>>>>>

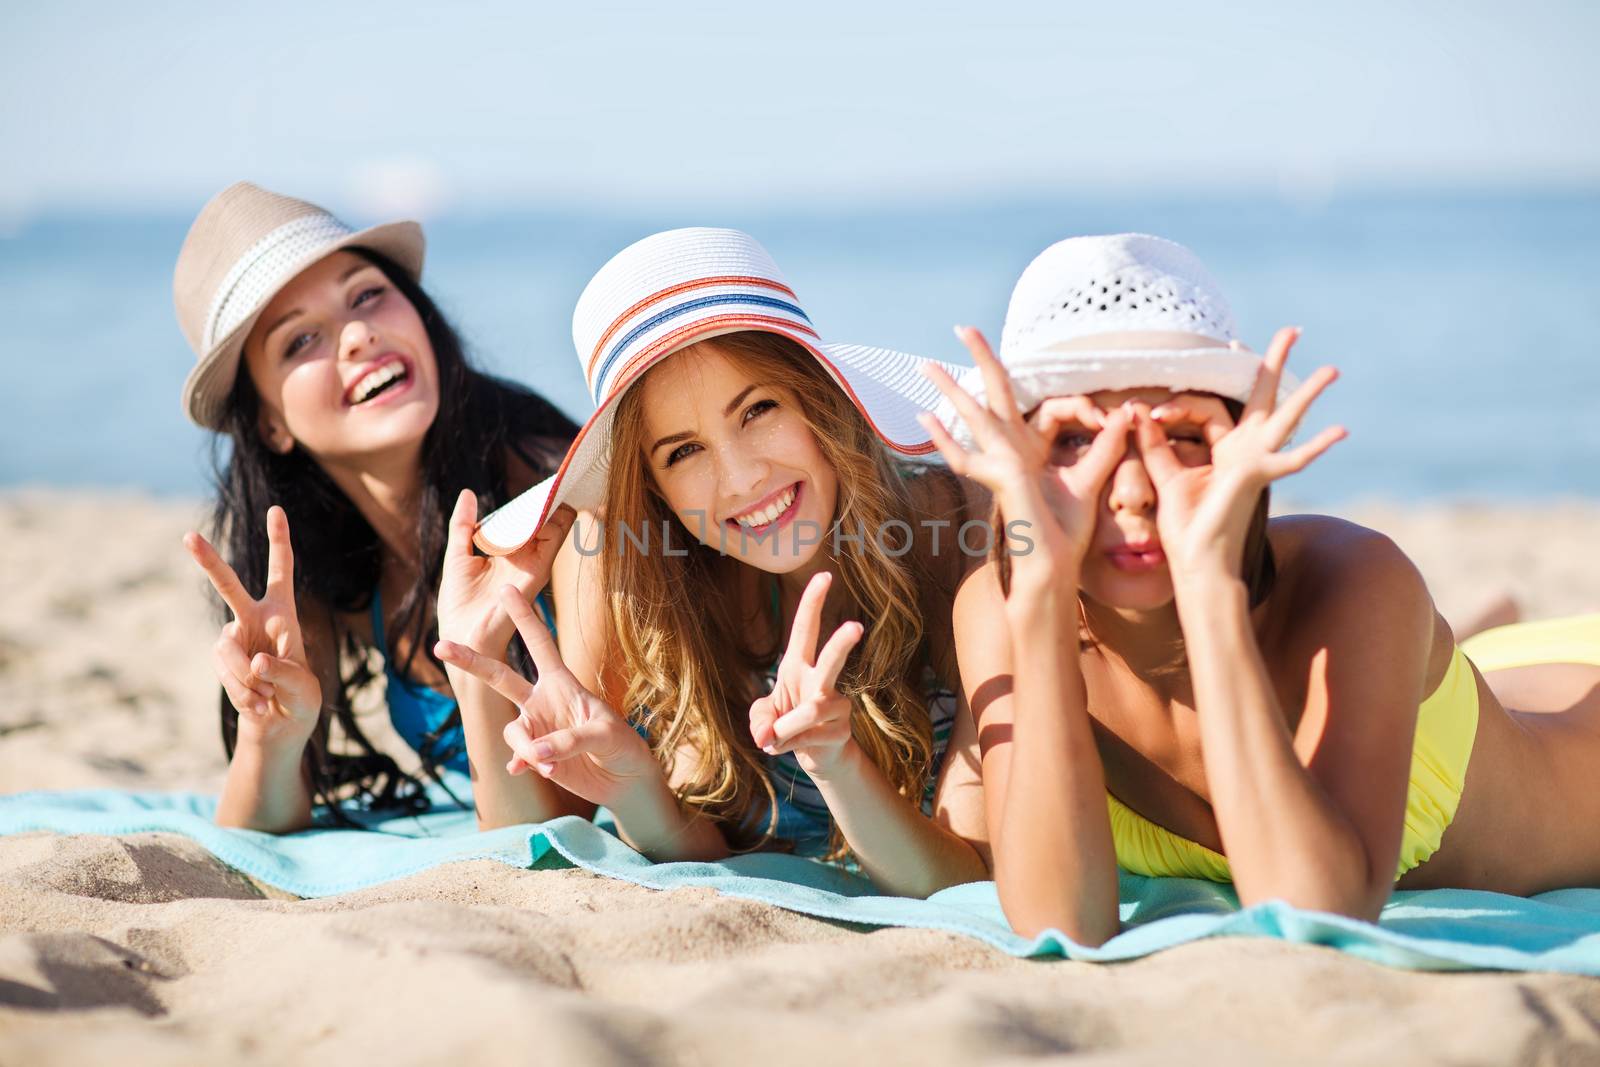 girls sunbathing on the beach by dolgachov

<<<<<
>>>>>

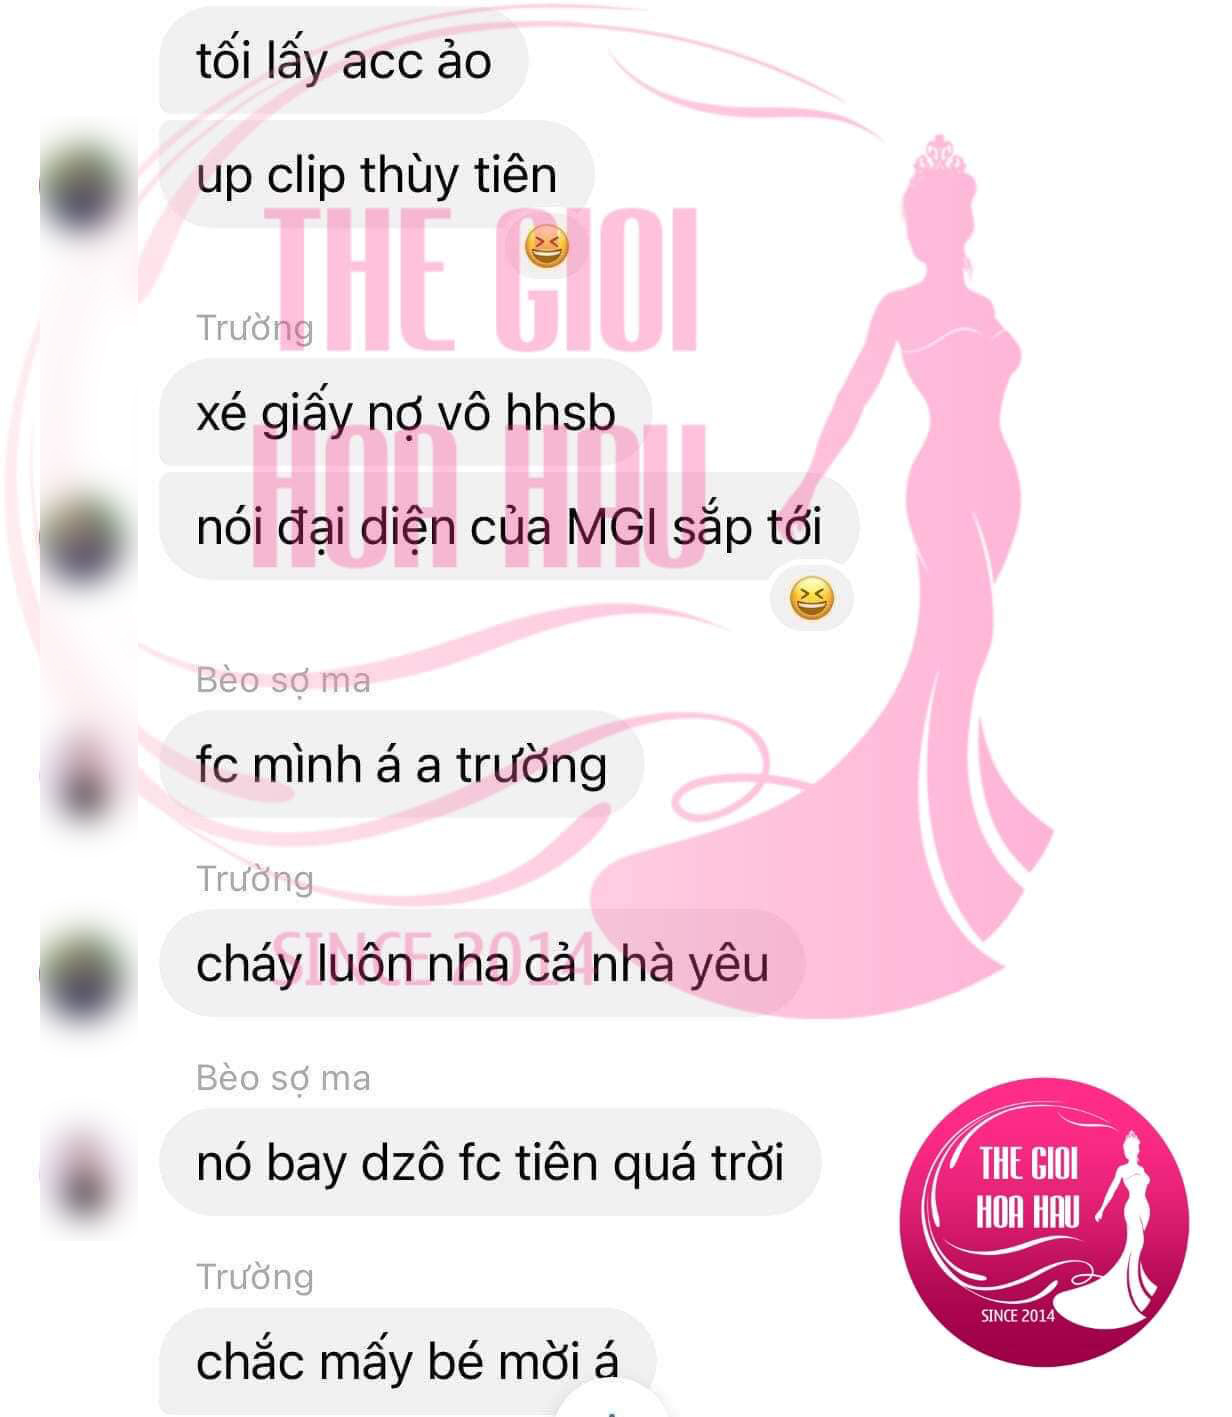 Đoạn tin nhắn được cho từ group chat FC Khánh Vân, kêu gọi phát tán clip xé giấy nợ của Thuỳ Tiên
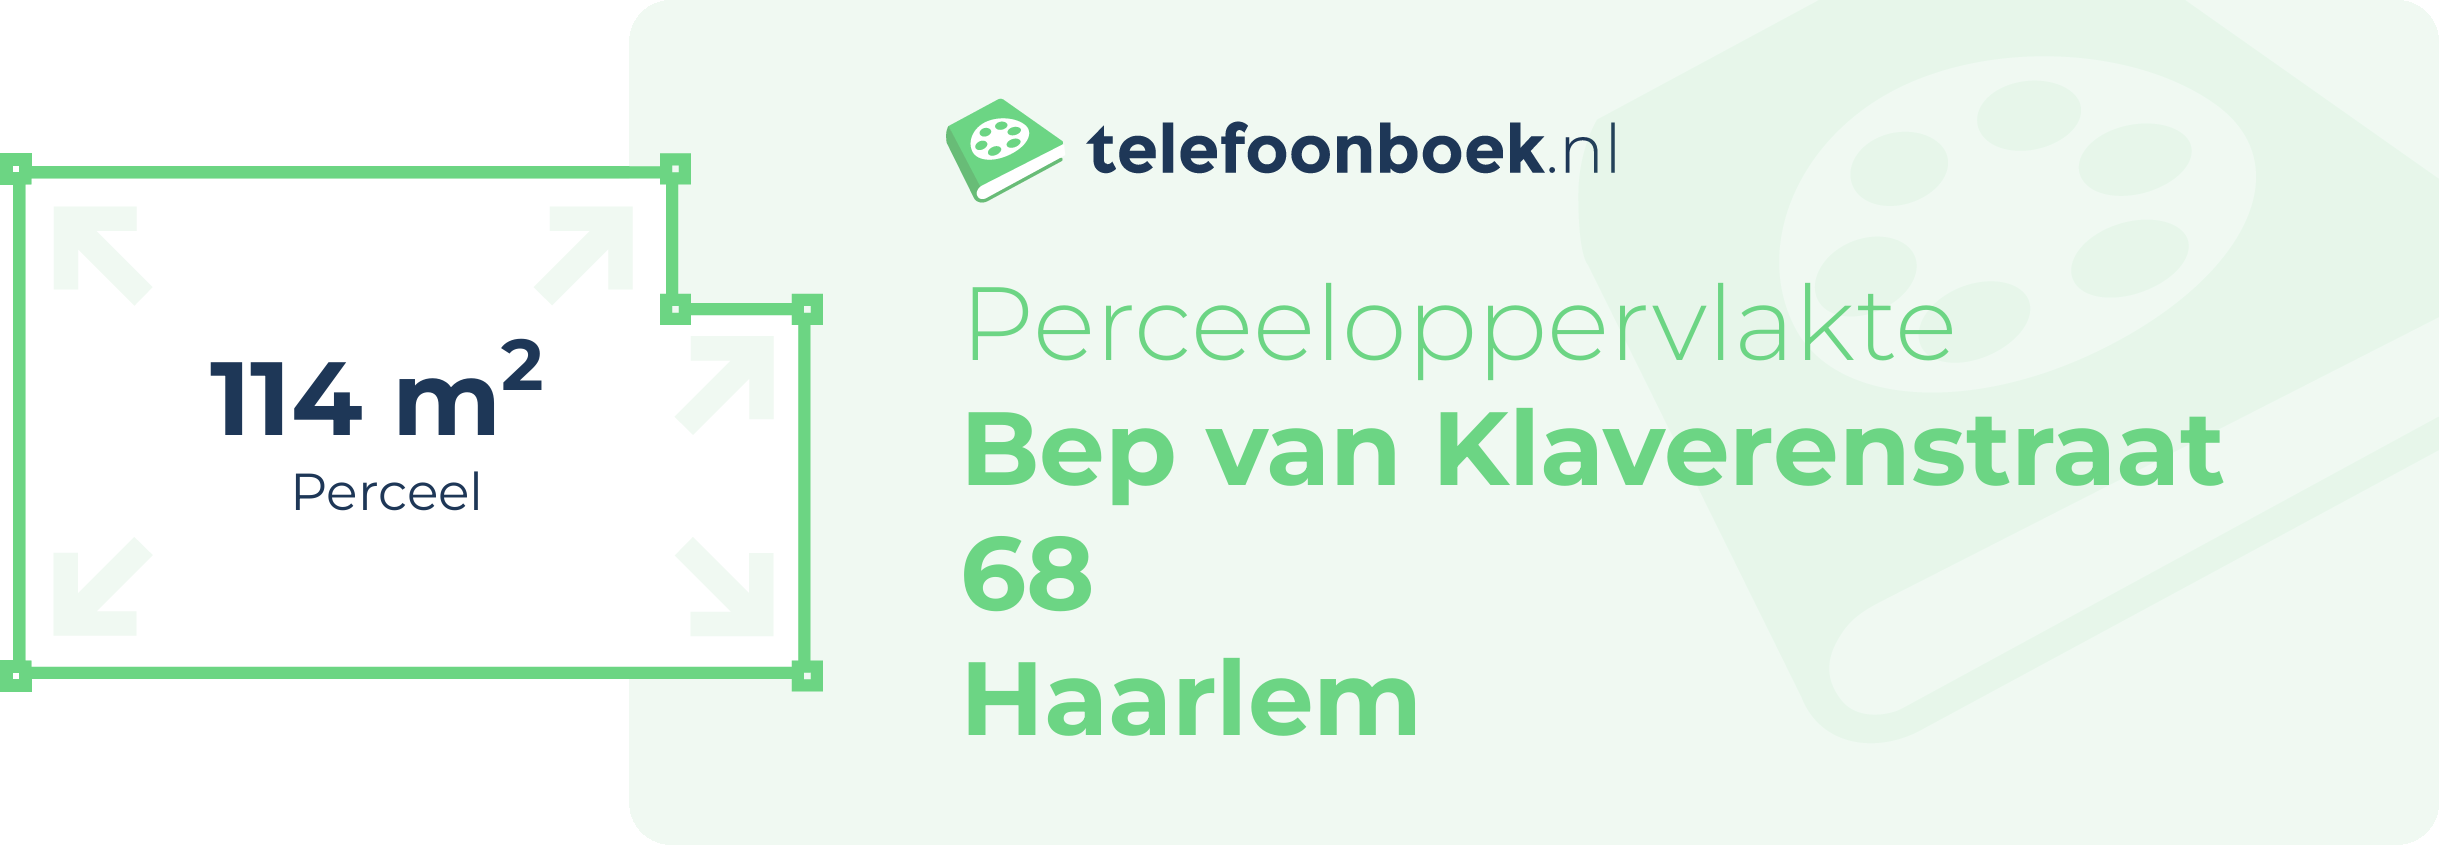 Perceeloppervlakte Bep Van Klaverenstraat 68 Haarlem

<<<<<
>>>>>

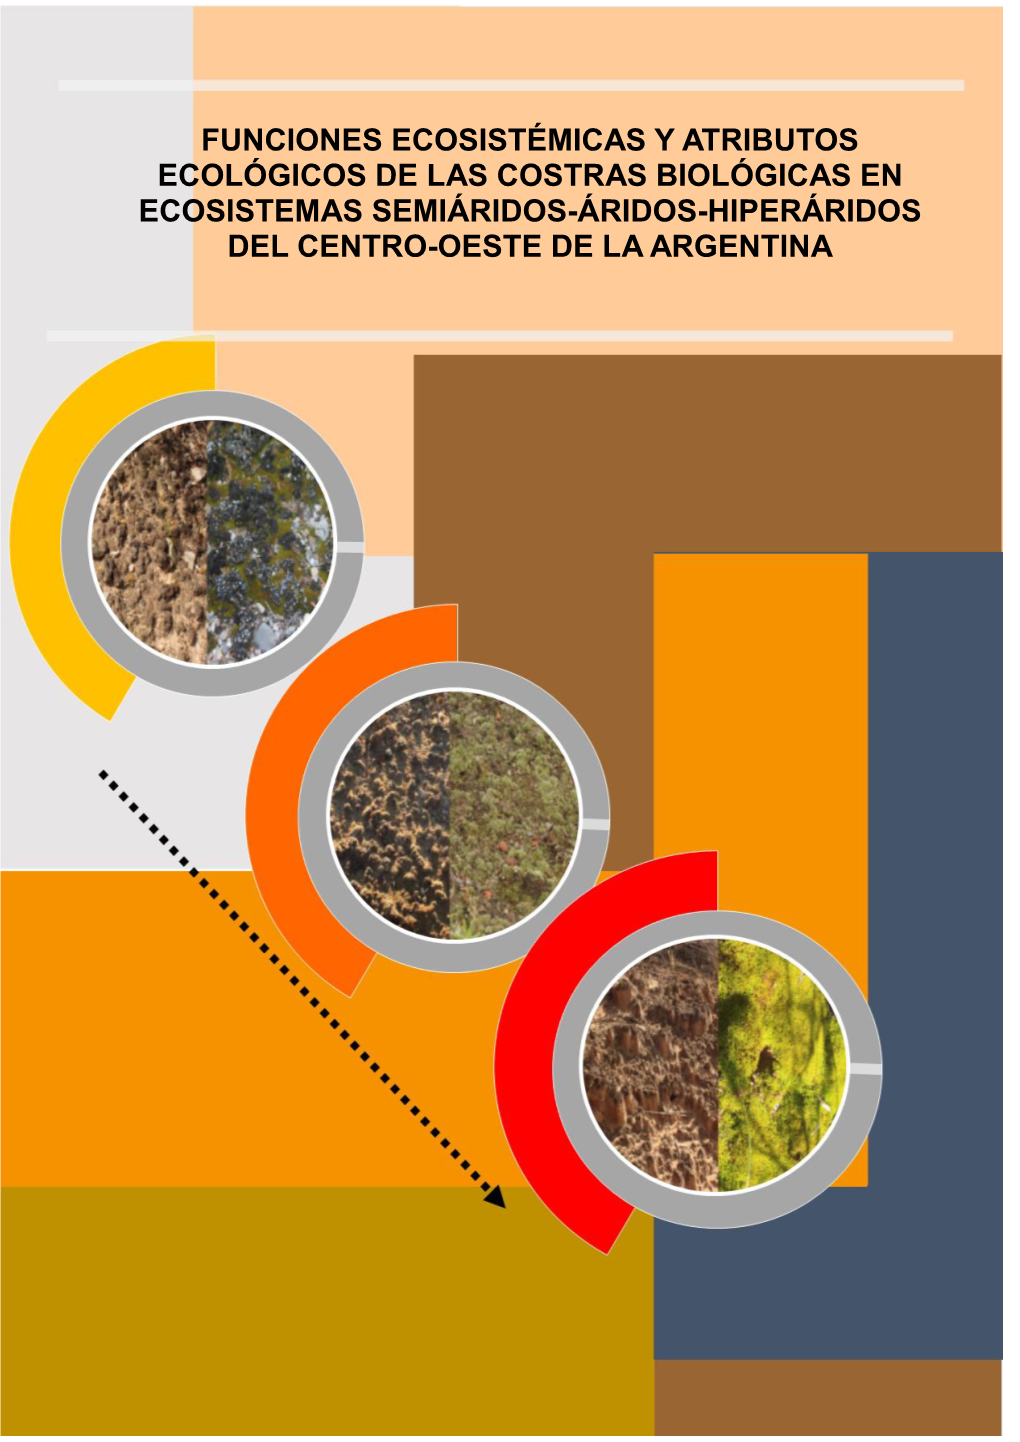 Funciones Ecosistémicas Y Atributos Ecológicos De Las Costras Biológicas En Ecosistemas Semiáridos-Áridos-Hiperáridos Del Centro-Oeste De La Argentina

<<<<<

When copying from the data above, begin at the line containing "Đoạn tin nhắn" and end at the line containing "Perceeloppervlakte Bep Van"; return those lines exactly and leave all pictures behind.

 Đoạn tin nhắn được cho từ group chat FC Khánh Vân, kêu gọi phát tán clip xé giấy nợ của Thuỳ Tiên
 Perceeloppervlakte Bep Van Klaverenstraat 68 Haarlem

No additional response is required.